BEGIN Data segment

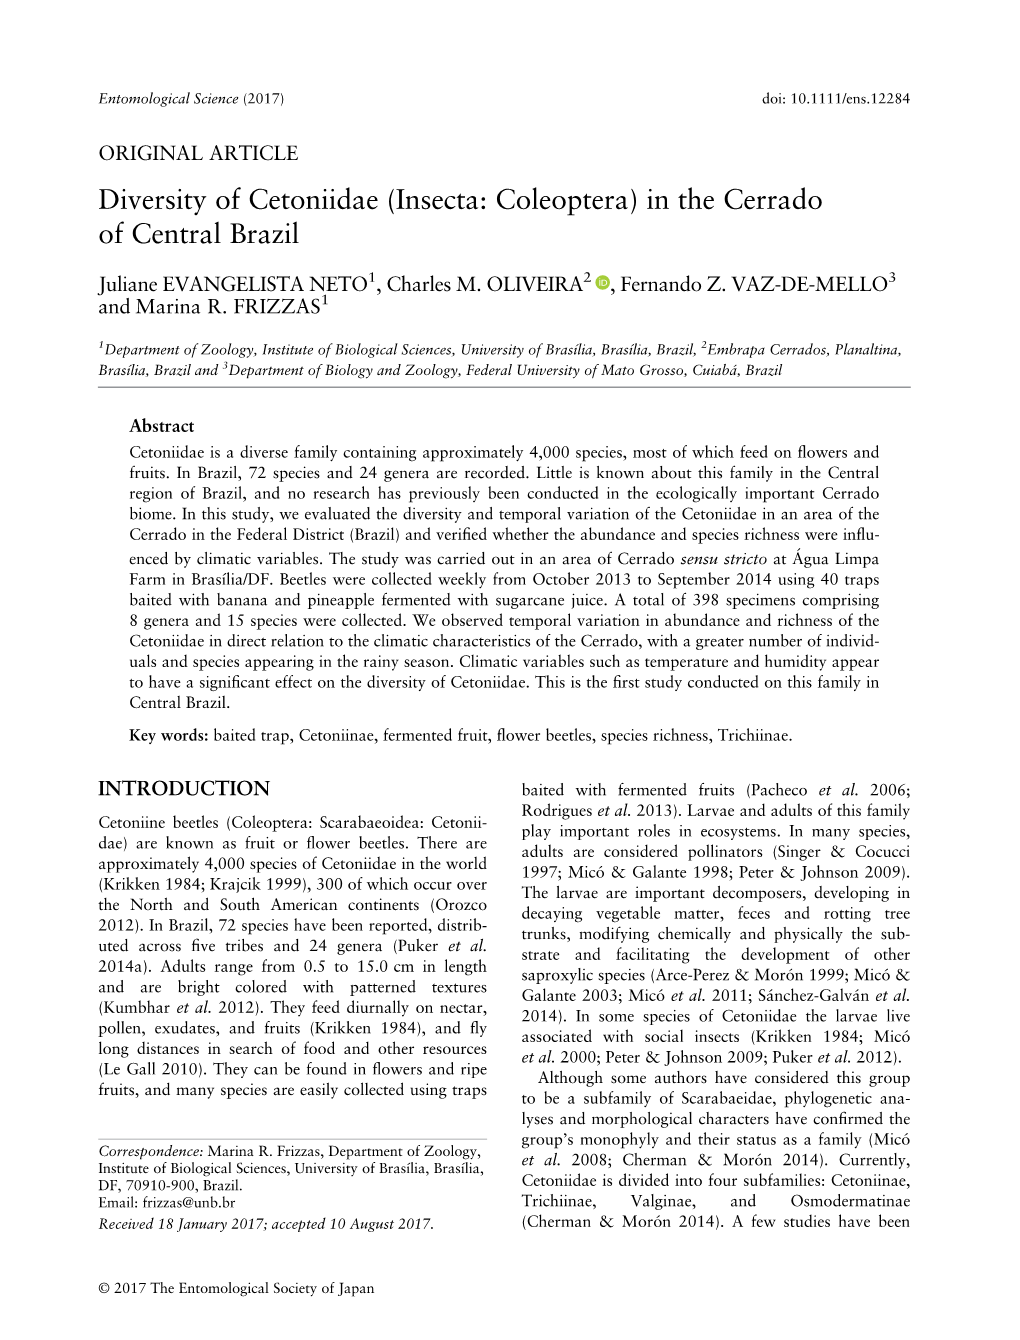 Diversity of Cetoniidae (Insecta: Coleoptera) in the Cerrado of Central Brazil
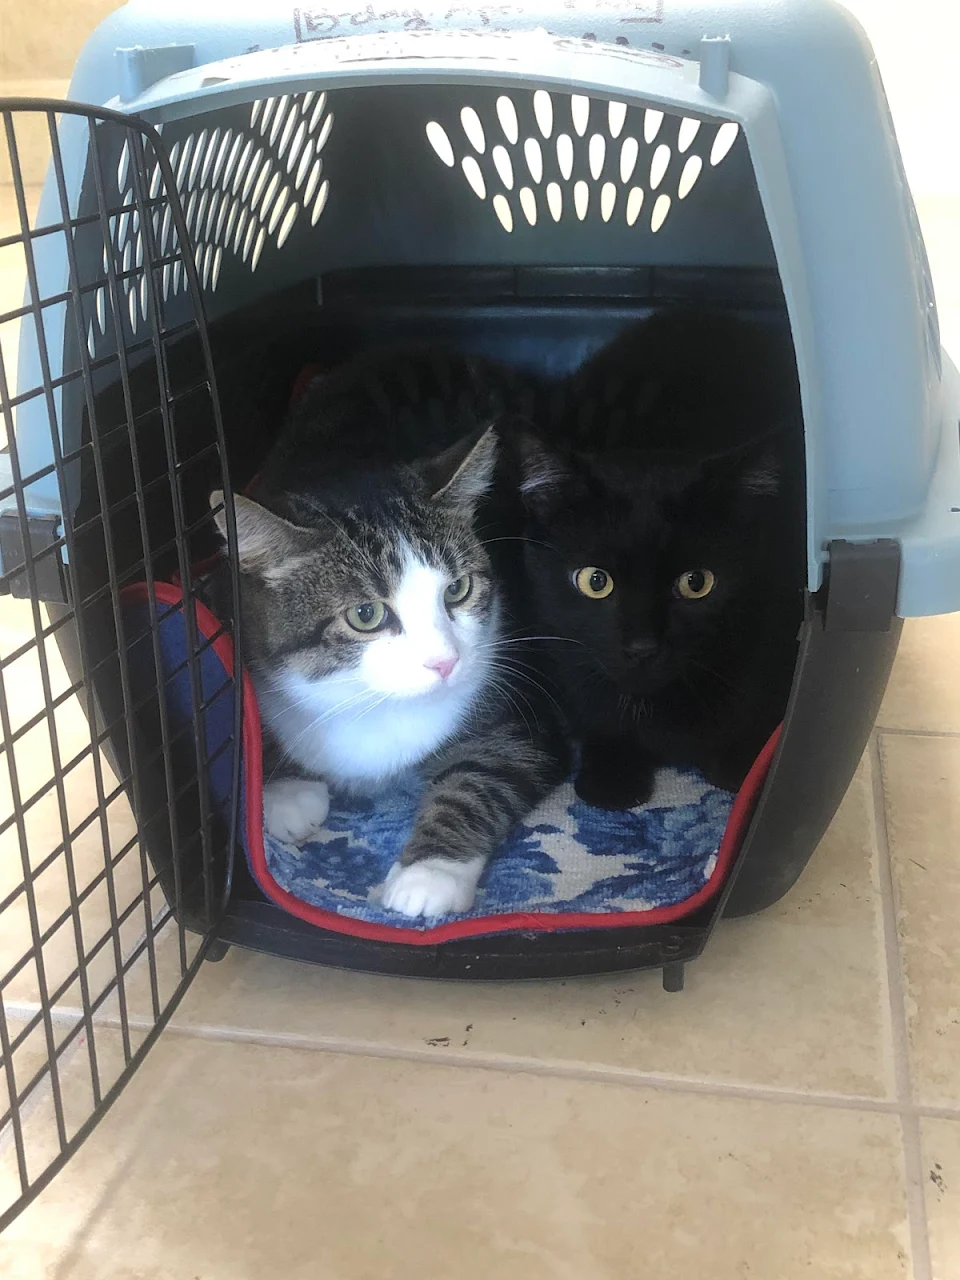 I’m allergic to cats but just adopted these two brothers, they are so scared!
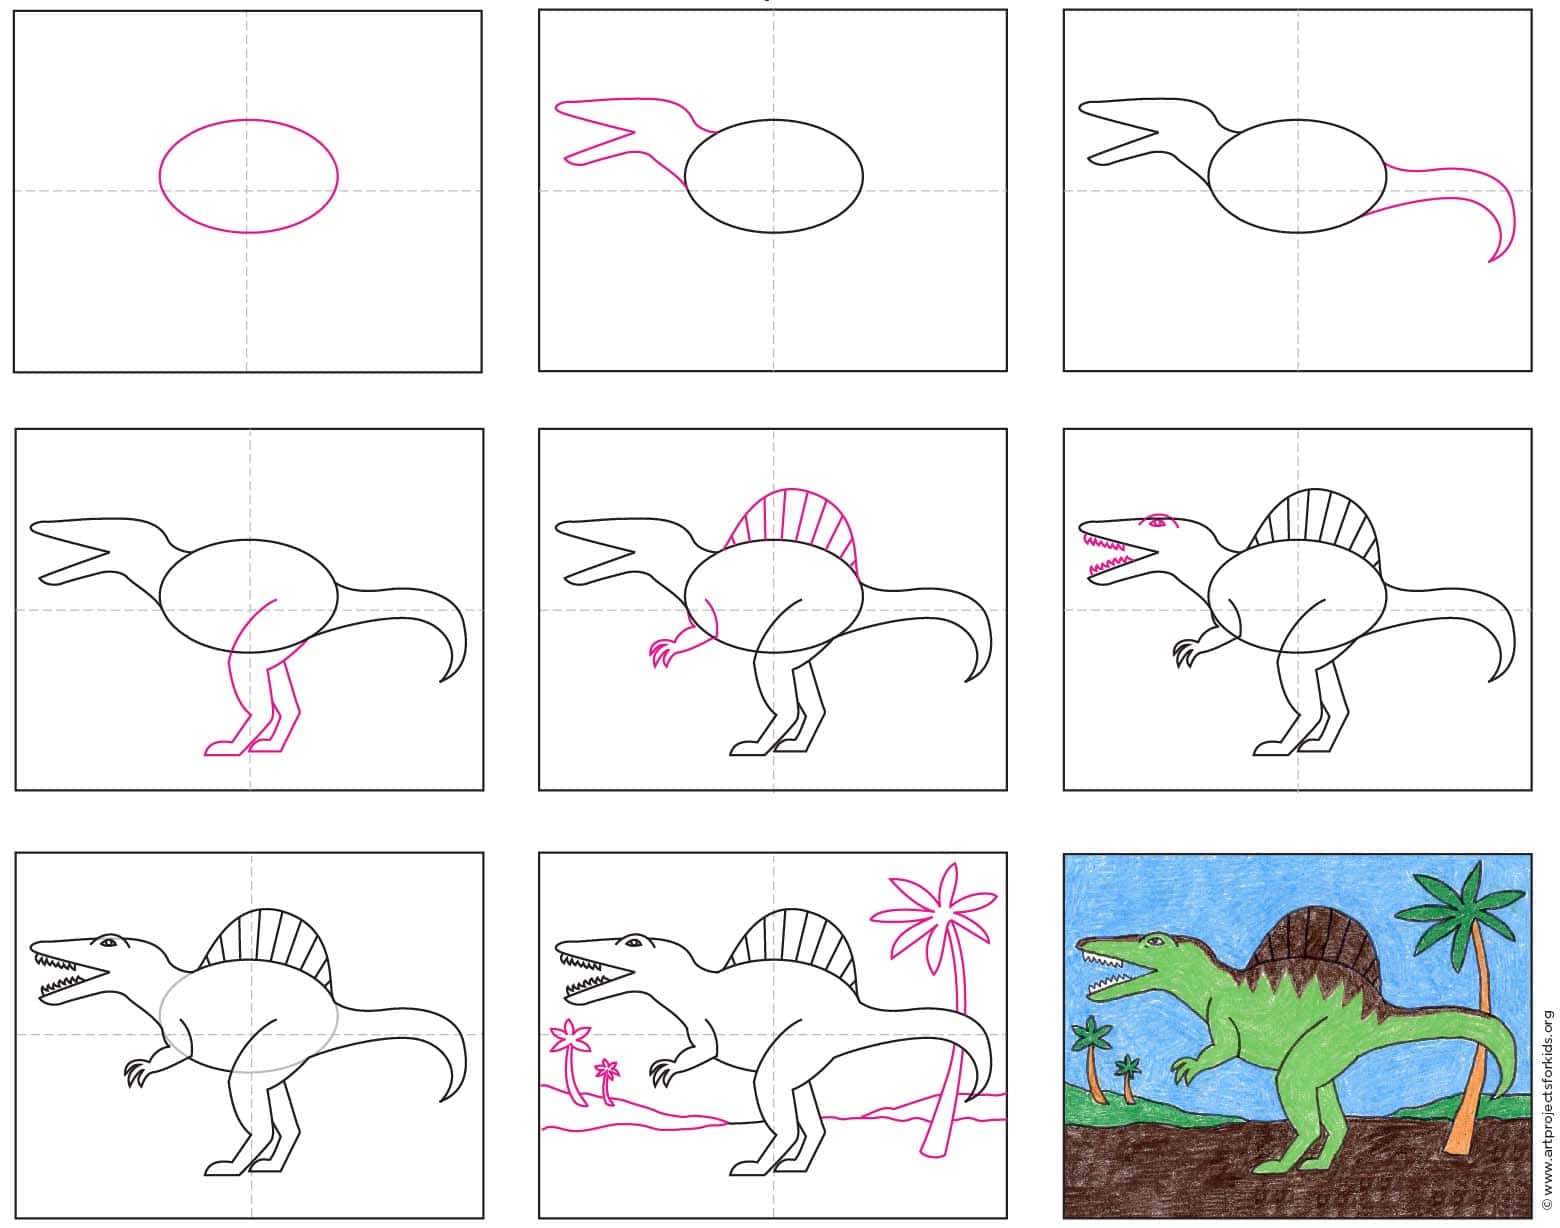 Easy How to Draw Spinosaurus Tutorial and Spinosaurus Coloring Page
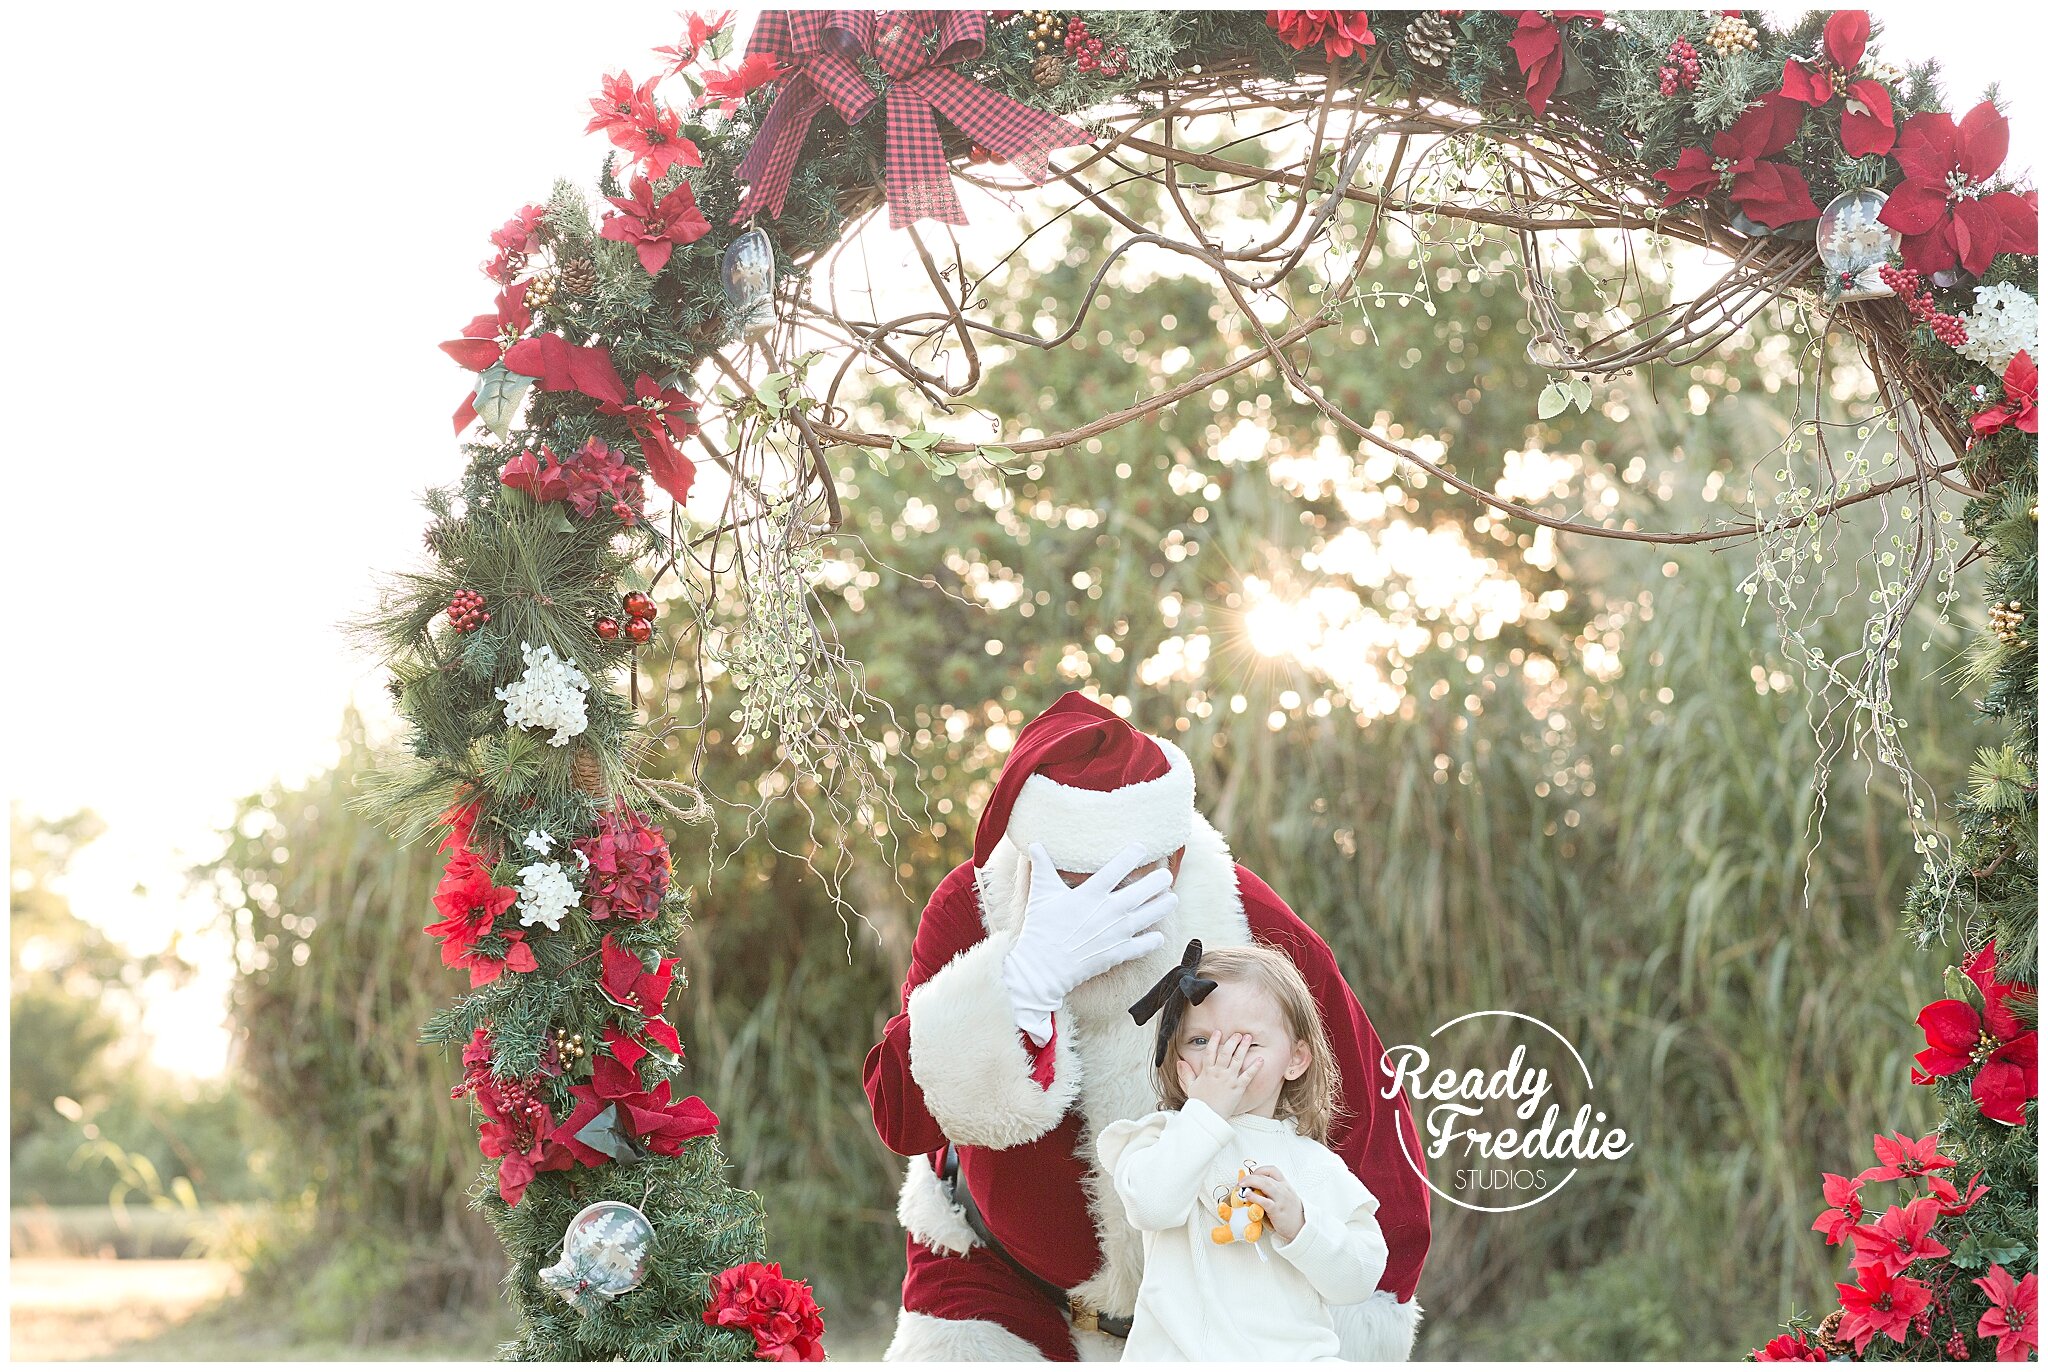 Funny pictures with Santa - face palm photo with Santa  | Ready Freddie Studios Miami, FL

END Data segment

> Task objective
Write out the lines of the material from the one containing "Easy How to" through the last, exactly and only those. Leave every picture out.

> Reply
 Easy How to Draw Spinosaurus Tutorial and Spinosaurus Coloring Page
 Funny pictures with Santa - face palm photo with Santa  | Ready Freddie Studios Miami, FL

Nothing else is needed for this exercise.